Weniger Lohn wegen des aufgeblähten Frankens

Daniel Lampart

Die starke Aufwertung des Frankens lastet schwer auf unserer Wirtschaft. Doch diejenigen Kreise, welche die Aufhebung des Mindestkurses durch die Schweizerische Nationalbank (SNB) befürwortet haben, versuchen, die Berufstätigen in der Schweiz zu beruhigen. Und zwar mit dem Argument, dass sie dank dem überbewerten Franken mehr Kaufkraft hätten. Dank der Überbewertung könnten sie billiger einkaufen und mit weniger Geld in die Ferien fahren.
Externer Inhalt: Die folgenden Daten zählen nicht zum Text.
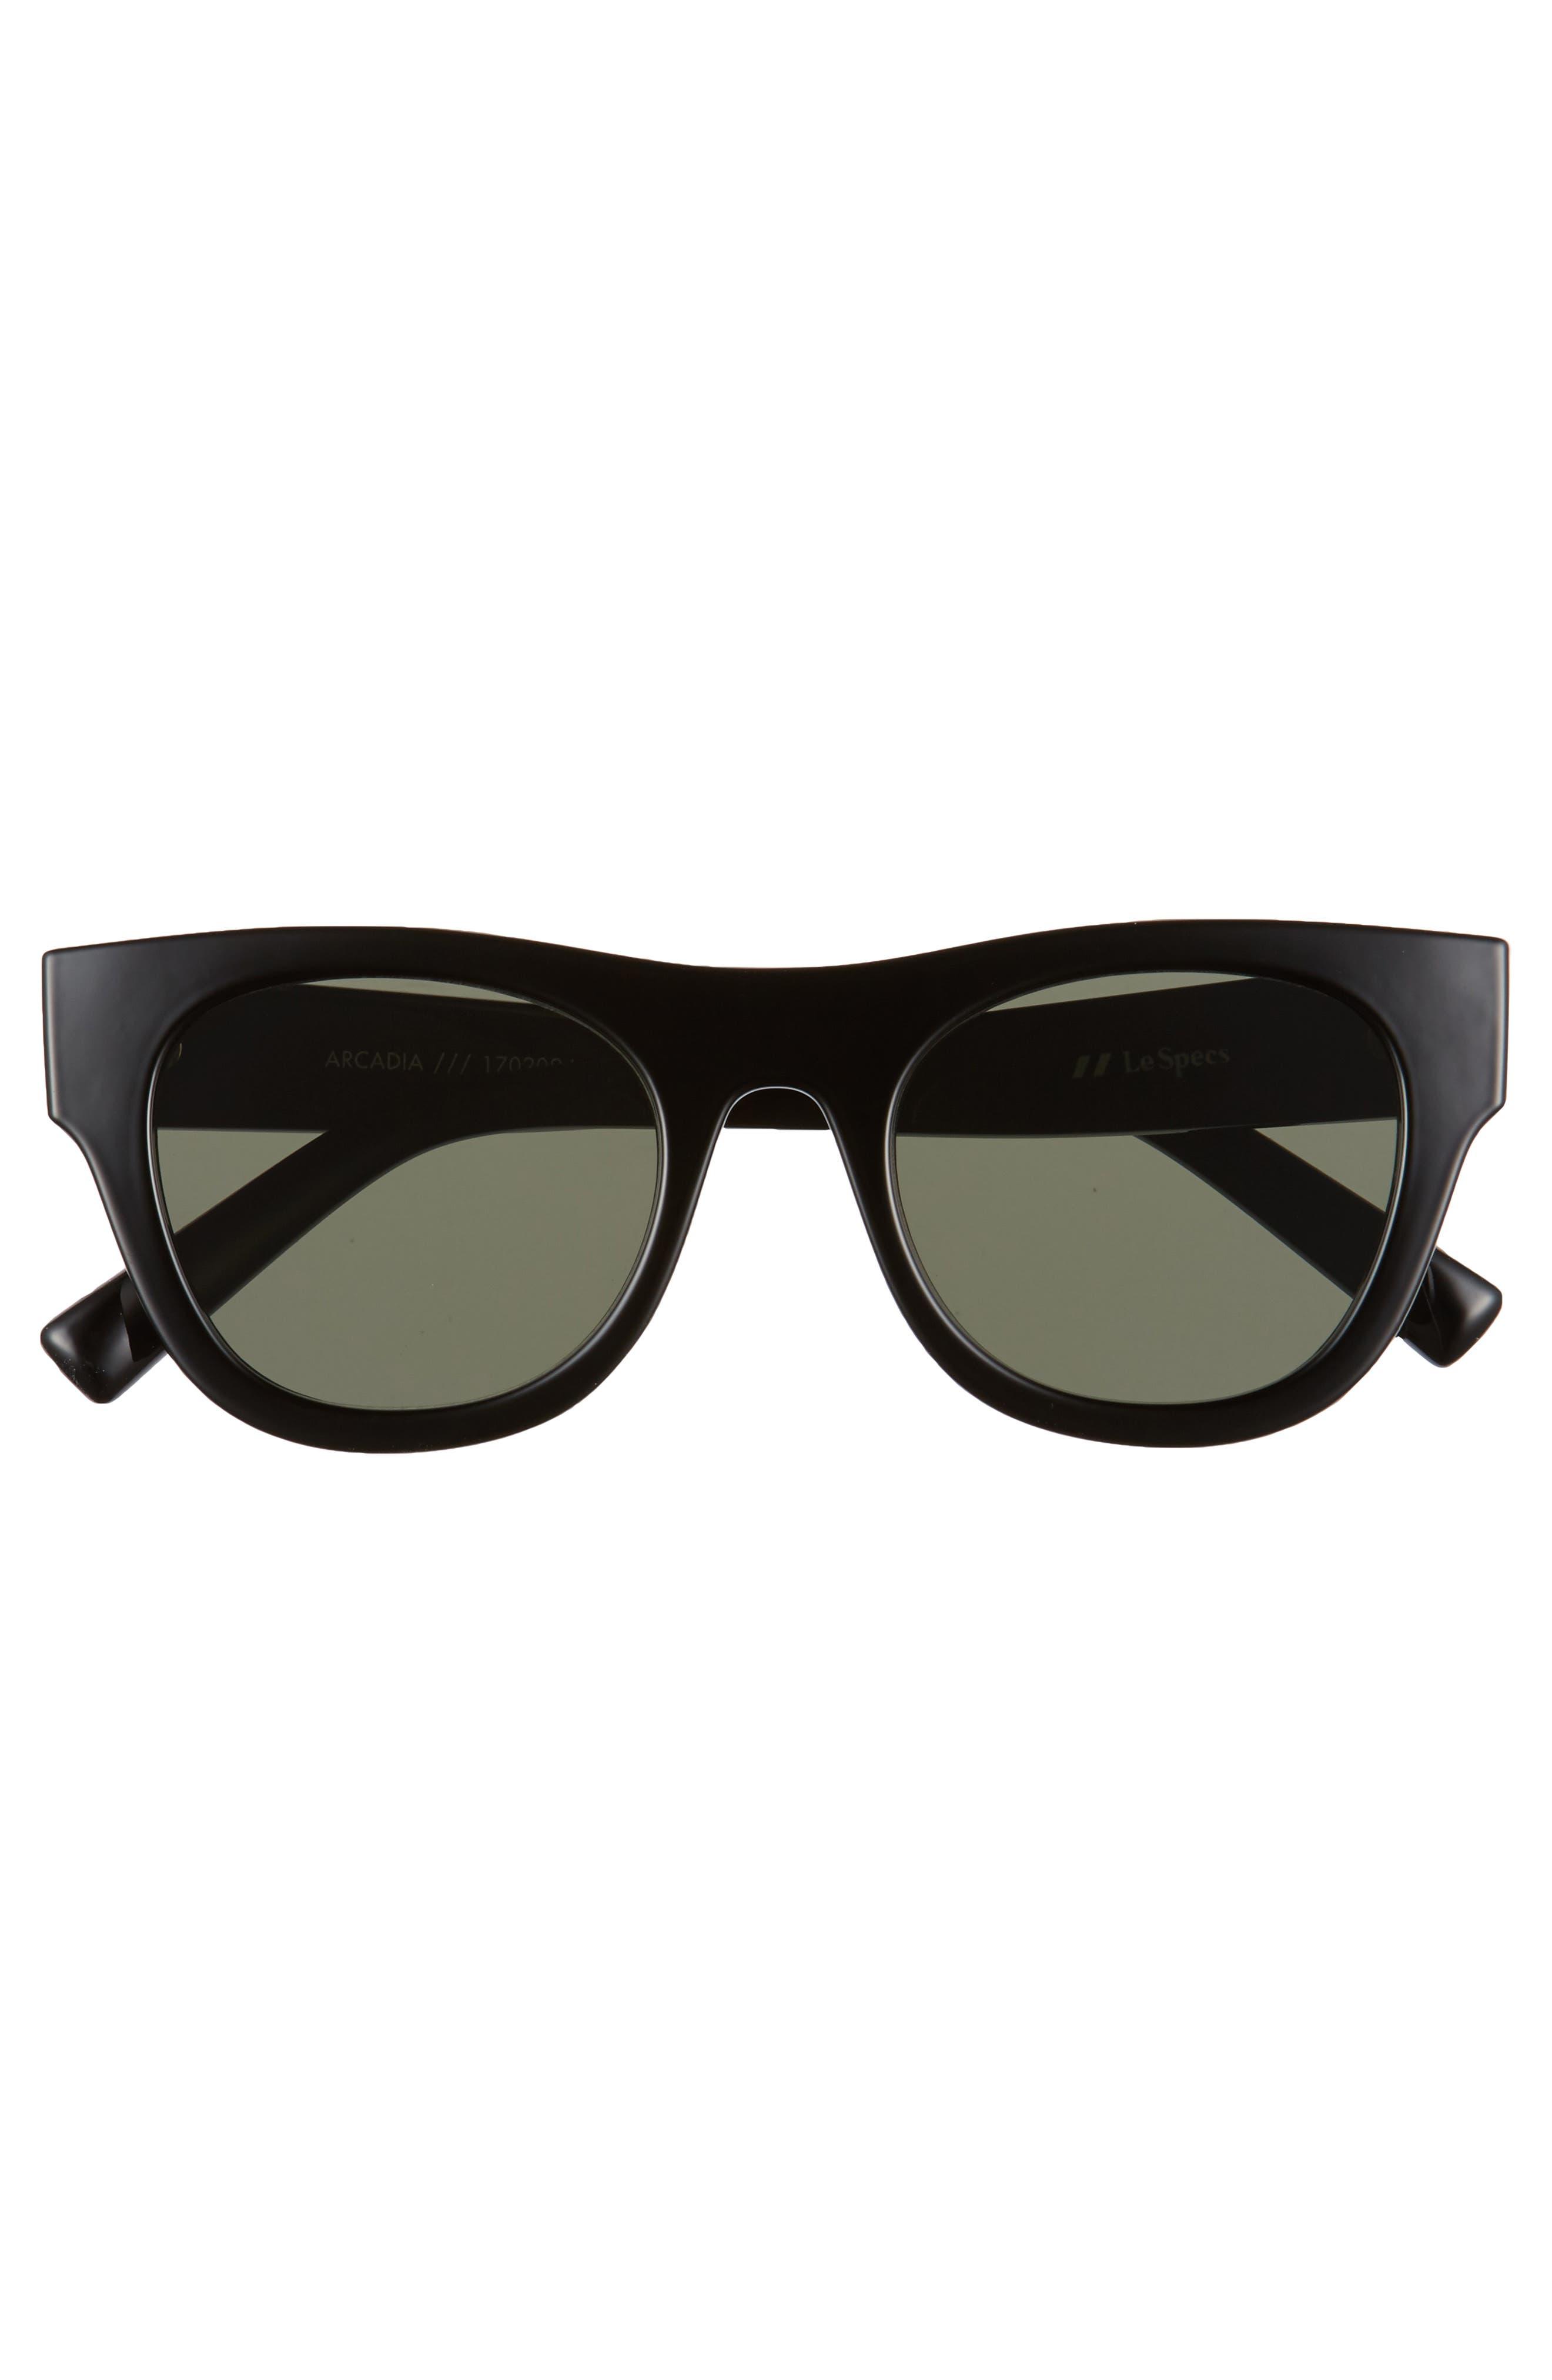 Arcadia 49mm Sunglasses,                             Alternate thumbnail 2, color,                             Black

SCHEINARGUMENT. Diese Behauptung hält einer genaueren Überprüfung nicht stand. Erstens sind wegen der Frankenüberbewertung viele Stellen verloren gegangen. Weil die Firmen die Produktion ins Ausland verlagert haben. Oder Produktionsstätten ganz geschlossen haben. Ein Teil der betroffenen Arbeitnehmenden wurde arbeitslos. Zweitens kamen die Löhne unter Druck. Zunächst in der Exportwirtschaft. Aber nicht nur dort. Mit dem Argument der Null- oder Negativteuerung und den knapper gewordenen öffentlichen Finanzen gab es auch im Service public vielerorts keine Lohnerhöhungen. Selbst im Bau, der regelrecht boomte, war es schwierig, Lohnerhöhungen herauszuholen. Die Arbeitgeber mauerten.

Zwar führten die sinkenden Preise für importierte Waren dazu, dass die Berufstätigen mit ihren Löhnen dennoch etwas mehr kaufen konnten. Oder etwas technischer ausgedrückt: Wegen der sinkenden Konsumentenpreise stiegen die Reallöhne. Doch in anderen Ländern waren die Reallohnerhöhungen höher.


REALLÖHNE. In Deutschland stiegen die Reallöhne seit 2014 fast doppelt so stark wie in der Schweiz. Während das mittlere Reallohnwachstum in der Schweiz bei 1,1 Prozent lag, verzeichnete Deutschland reale Erhöhungen von 2 Prozent pro Jahr. Einerseits wegen der besseren Konjunkturlage, andererseits aber auch dank der Einführung des Mindestlohnes, der in Tieflohnbranchen zu Lohnerhöhungen führte. Im Bau betrug die Reallohndifferenz zwischen Deutschland und der Schweiz beispielsweise rund 1,2 Prozent pro Jahr. Selbst im krisengeschüttelten Frankreich entwickelten sich die Reallöhne insgesamt ungefähr im Gleichschritt mit der Schweiz. Im französischen Bau war das Reallohnwachstum sogar 0,3 Prozent pro Jahr höher.

Trotz dieser Entwicklung gehört die Schweiz nach wie vor zu den Ländern mit den höchsten Löhnen in Europa. Doch unser Land hat einen Teil des Lohnvorsprungs eingebüsst. Die Frankenüberbewertung kommt die Arbeitnehmenden teuer zu stehen.

Daniel Lampart ist Chefökonom des Schweizerischen Gewerkschaftsbunds (SGB).